香港是全球第三大法律人才池,在全球排名前100的律師事務所中,過半數在香港執業。
針對海牙國際法院歐美國家的法官占比超過80%,香港已開啟了構建涉外法律人才培養體系,加快培養熟悉國際法、普通法、大陸法及國家法制等的法律人才,為打造“國際調解之都”提供堅實的人才支撐。
第四,香港國際影響力全面大幅提升。
隨著國際調解院落戶,香港進一步完善調解法律框架及相關政策,從而促進法律行業的國際化與專業化,打造具有全球競爭力的經貿金融+法律服務品牌。
去年香港緊隨中國內地、美國、德國與荷蘭,位列全球第五大商品貿易經濟體,商品貿易總額達15850億美元,按年上升17.5%,占全球總額3%。
波士頓諮詢公司《2026年全球財富報告》稱,去年香港管理的跨境財富規模增長10.7%,達到2.95萬億美元,首次超過瑞士。
報告預期,到2030年,香港管理的財富每年增長約9%,高於瑞士6%的增速,意味著香港很有可能守住領先地位。
第五,香港為“一帶一路”提供更堅實的法律服務。
近5年中國企業在海外的糾紛年均增長23%,調解院的設立,促使香港從金融樞紐向“法律+外交”多元平臺躍升。

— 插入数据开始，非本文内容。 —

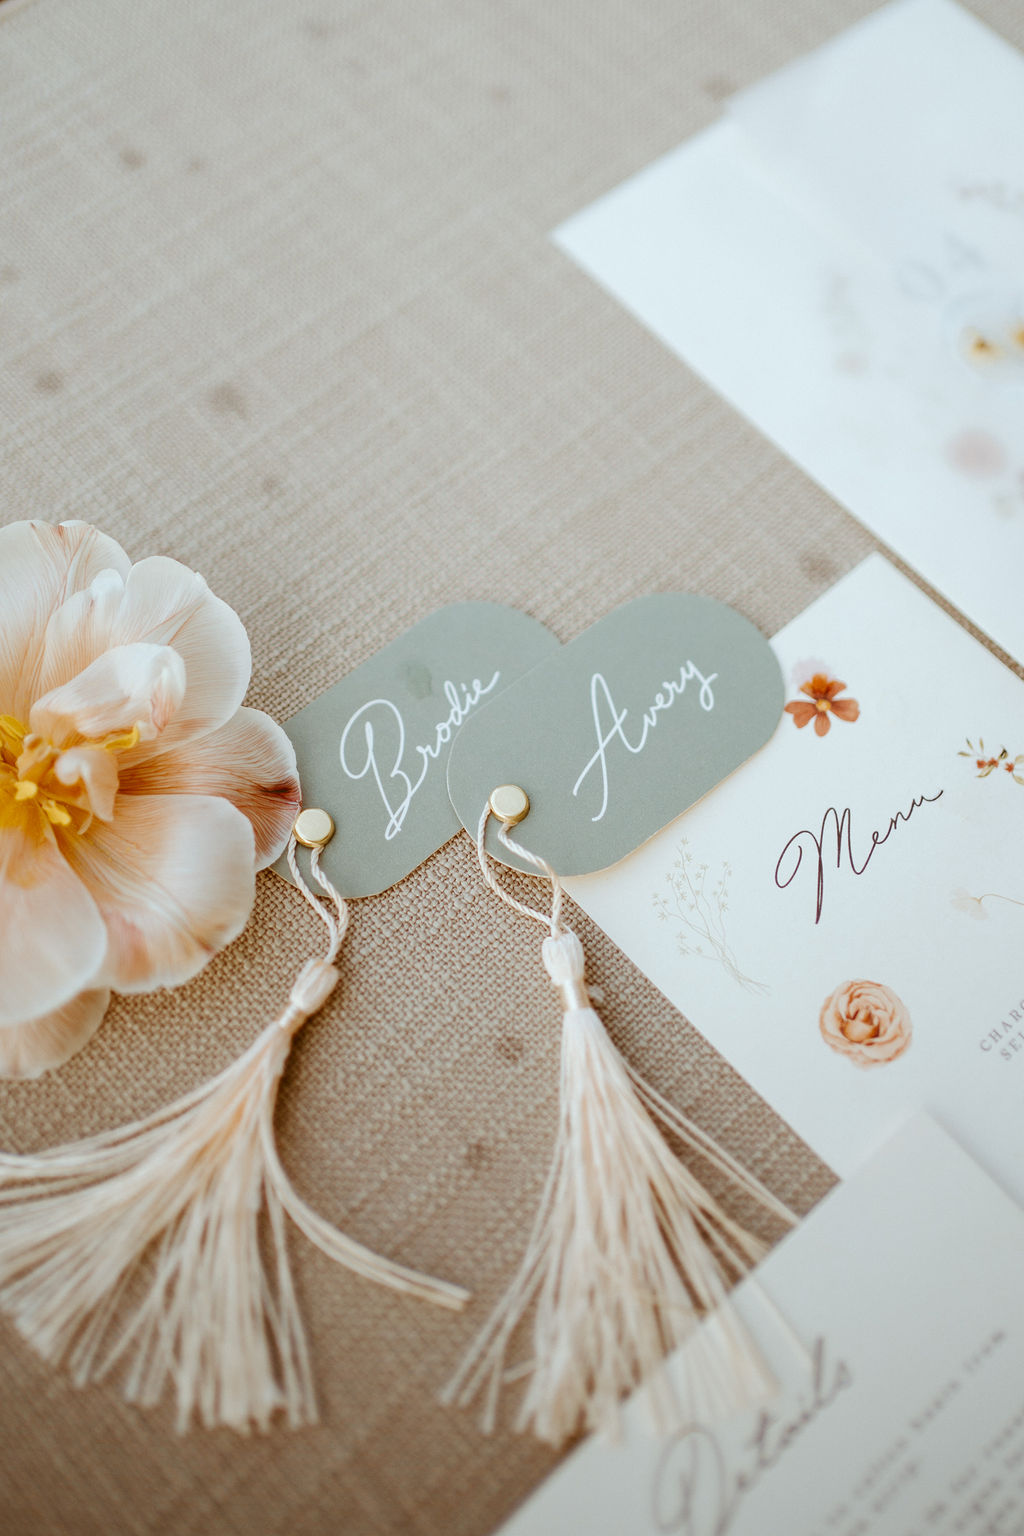 Close up of the couples name tag stationary. Their names written in a soft white cursive lettering on a grey tag with white tassel clasped on.

香港法治營商環境進一步提升,有利於吸引更多國際企業赴港發展;有利於香港在促進海內外企業“引進來、走出去”雙向過程中更好發揮“超級連絡人”作用;有利於依託大灣區資源銜接內地和國際規則,以中立地位化解海外項目爭端,降低企業維權成本,為“一帶一路”開闢一條“快速通道”,讓“人類命運共同體”理念有了具體的落地成果。
今天香港又增添了一個“國際調解院”,成為集多種法律體系彙聚的法律之都,彰顯了香港作為內地、亞太區與世界之間橋樑的獨特角色,未來一定會綻放出更加輝煌的光芒!